### [TASK DATA]
=== Begin Enclosure ===

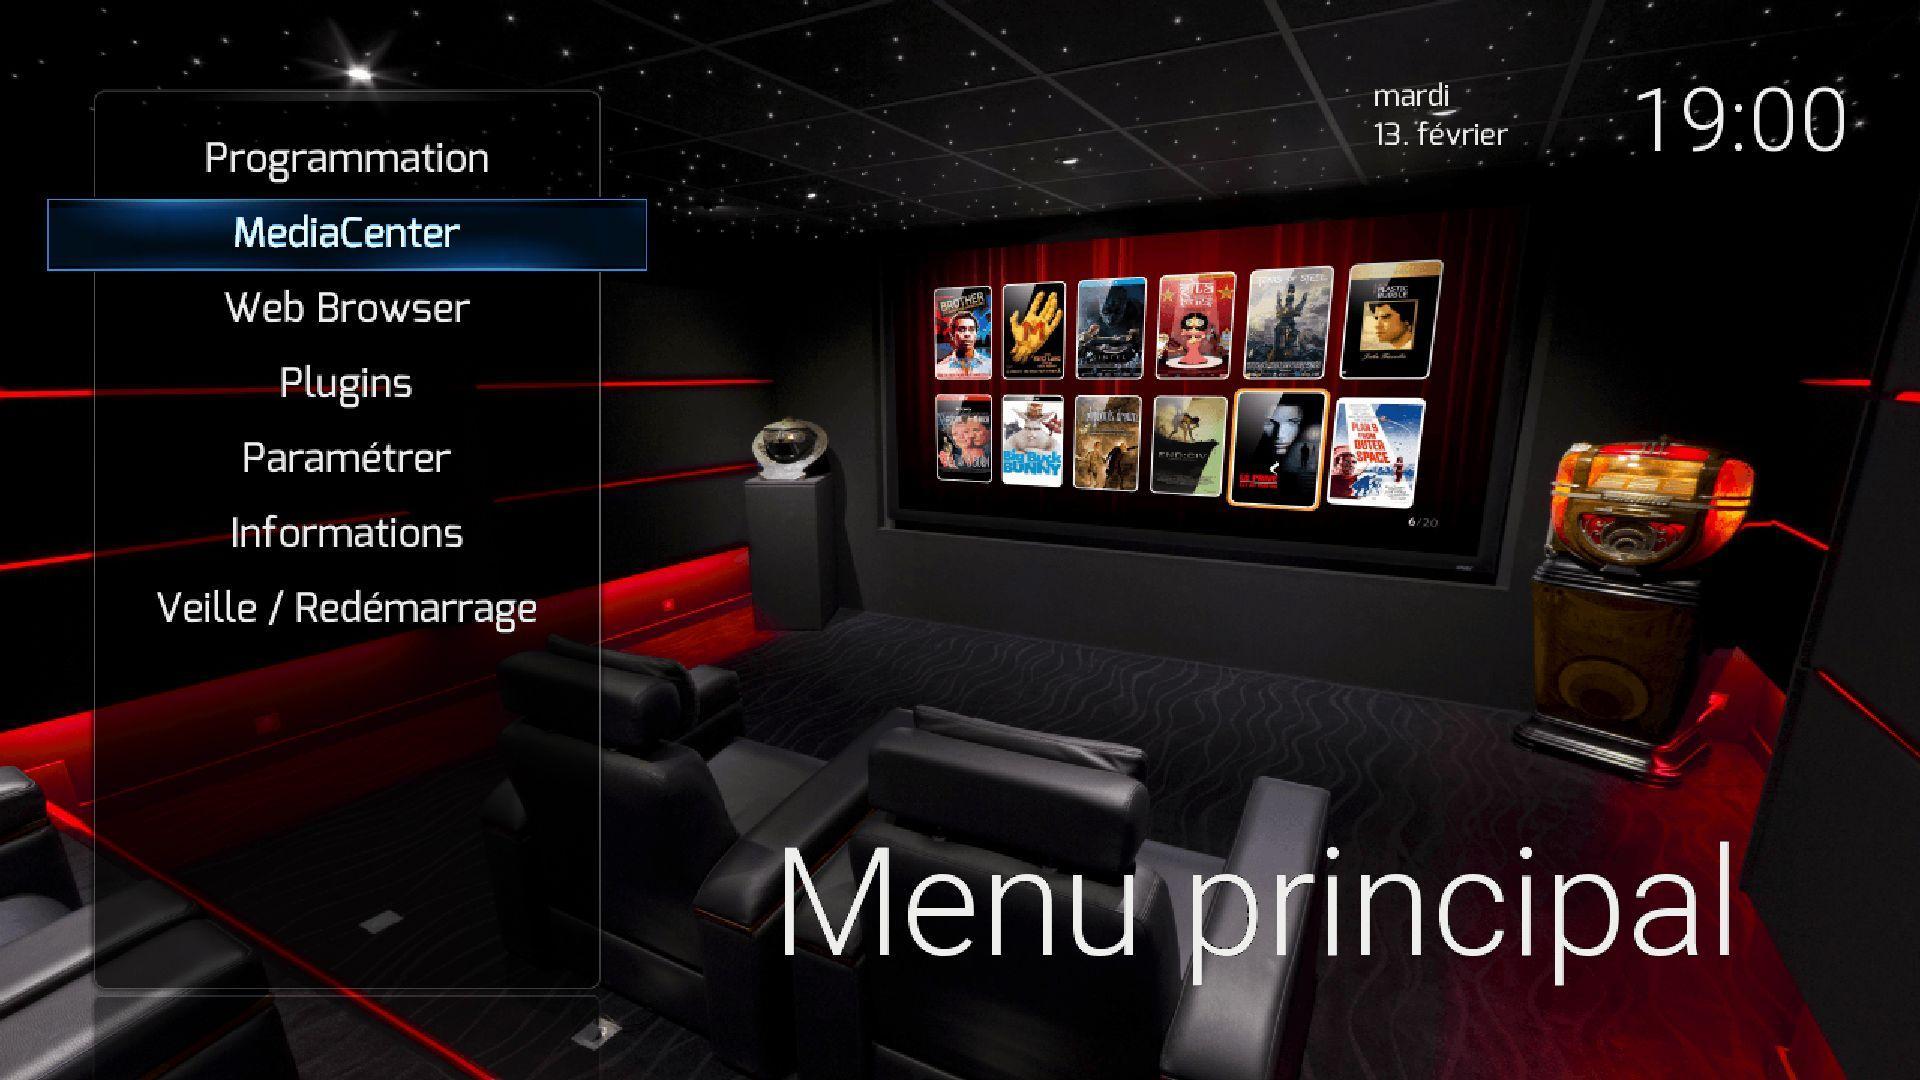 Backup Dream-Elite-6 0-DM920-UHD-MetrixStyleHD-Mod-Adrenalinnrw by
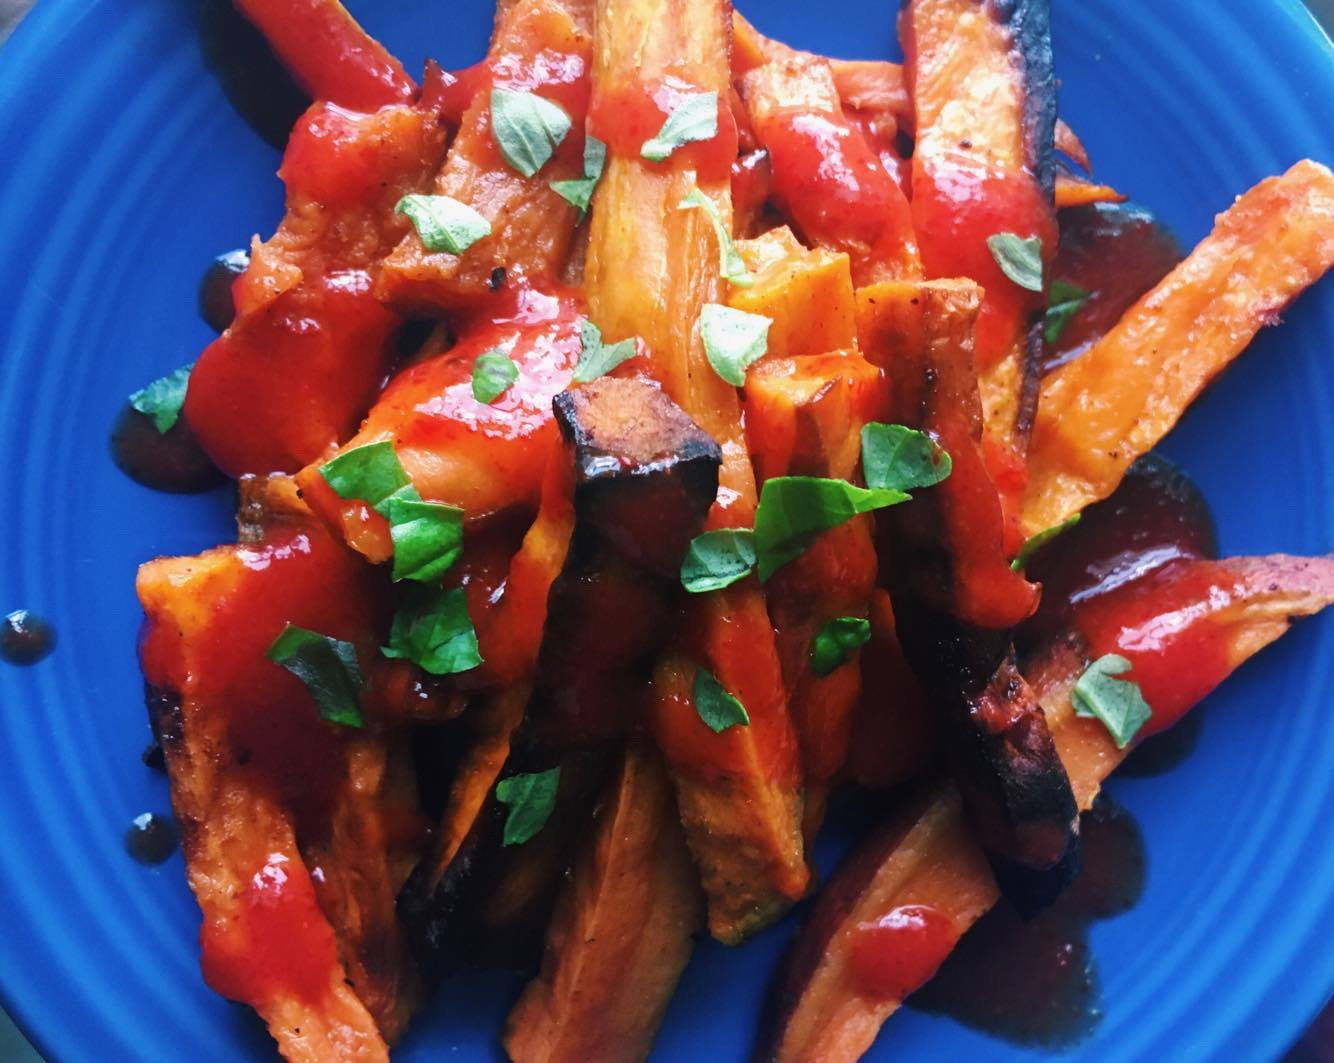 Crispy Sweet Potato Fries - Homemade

=== End Enclosure ===
=== Begin Enclosure ===

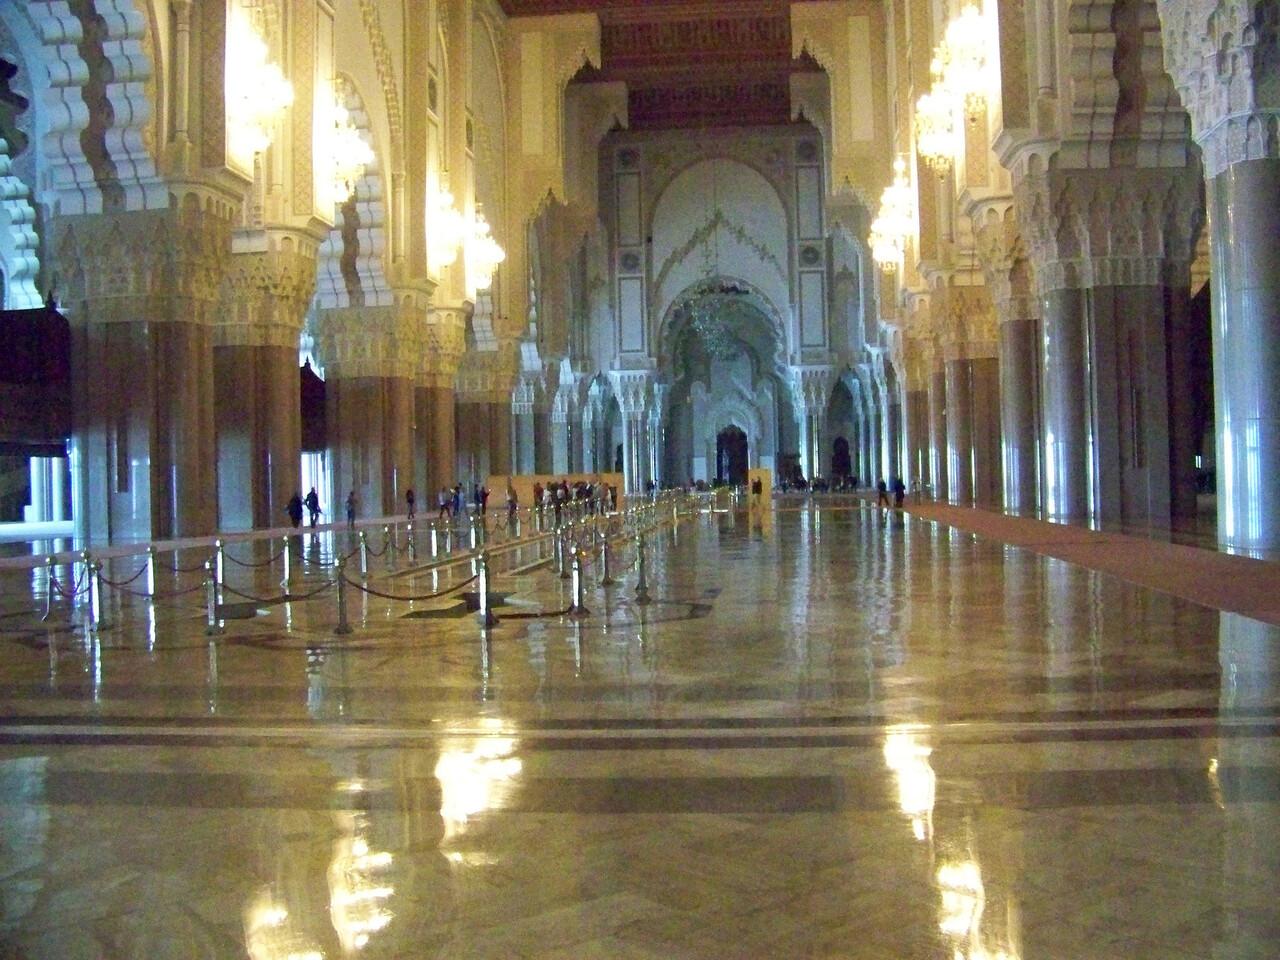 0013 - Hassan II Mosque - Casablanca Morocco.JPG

=== End Enclosure ===
=== Begin Enclosure ===

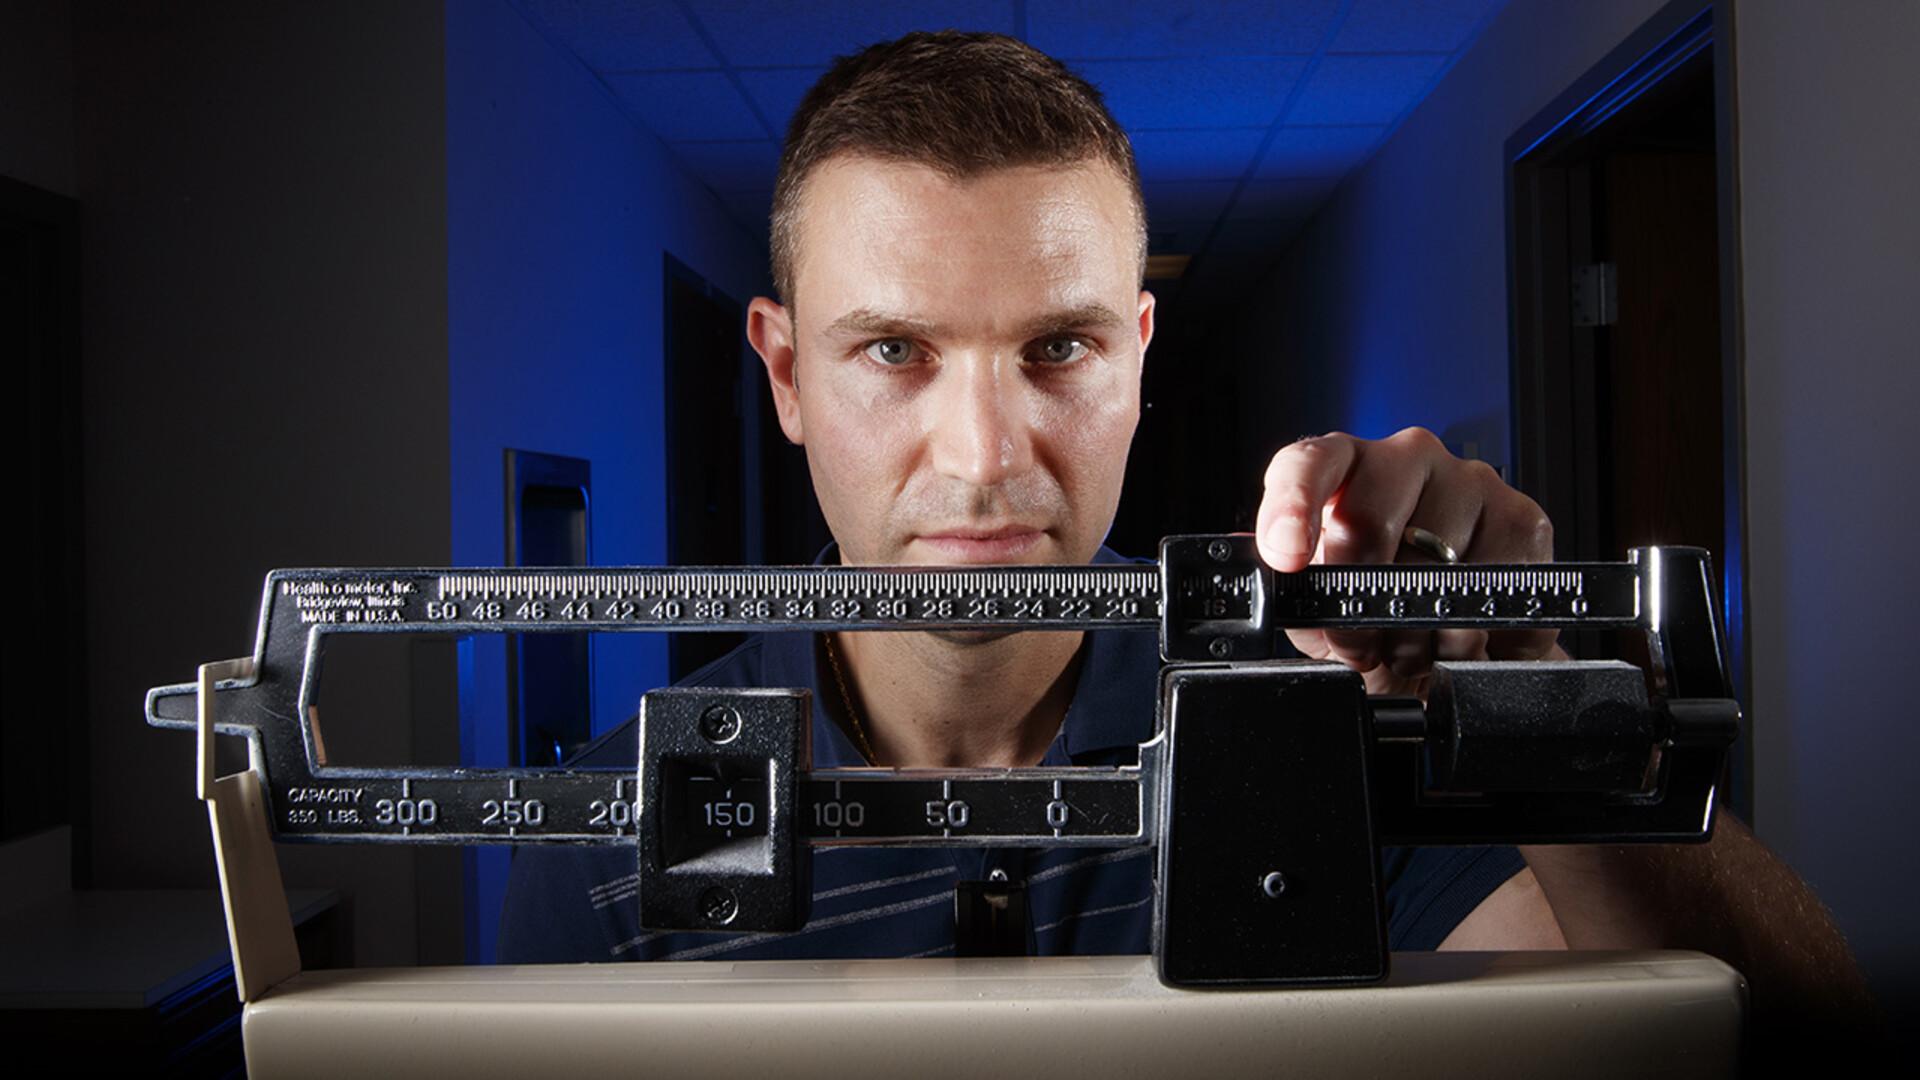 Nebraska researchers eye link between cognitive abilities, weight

=== End Enclosure ===

### [ABOUT THIS TASK]
In the listing above, find the line containing "Backup Dream-Elite-6 0-DM920-UHD-MetrixStyleHD-Mod-Adrenalinnrw" and the line containing "Crispy Sweet Potato Fries - Homemade", then return both of them and every line between, exactly, without pictures.

### [EXERCISE OUTPUT]
 Backup Dream-Elite-6 0-DM920-UHD-MetrixStyleHD-Mod-Adrenalinnrw by
 Crispy Sweet Potato Fries - Homemade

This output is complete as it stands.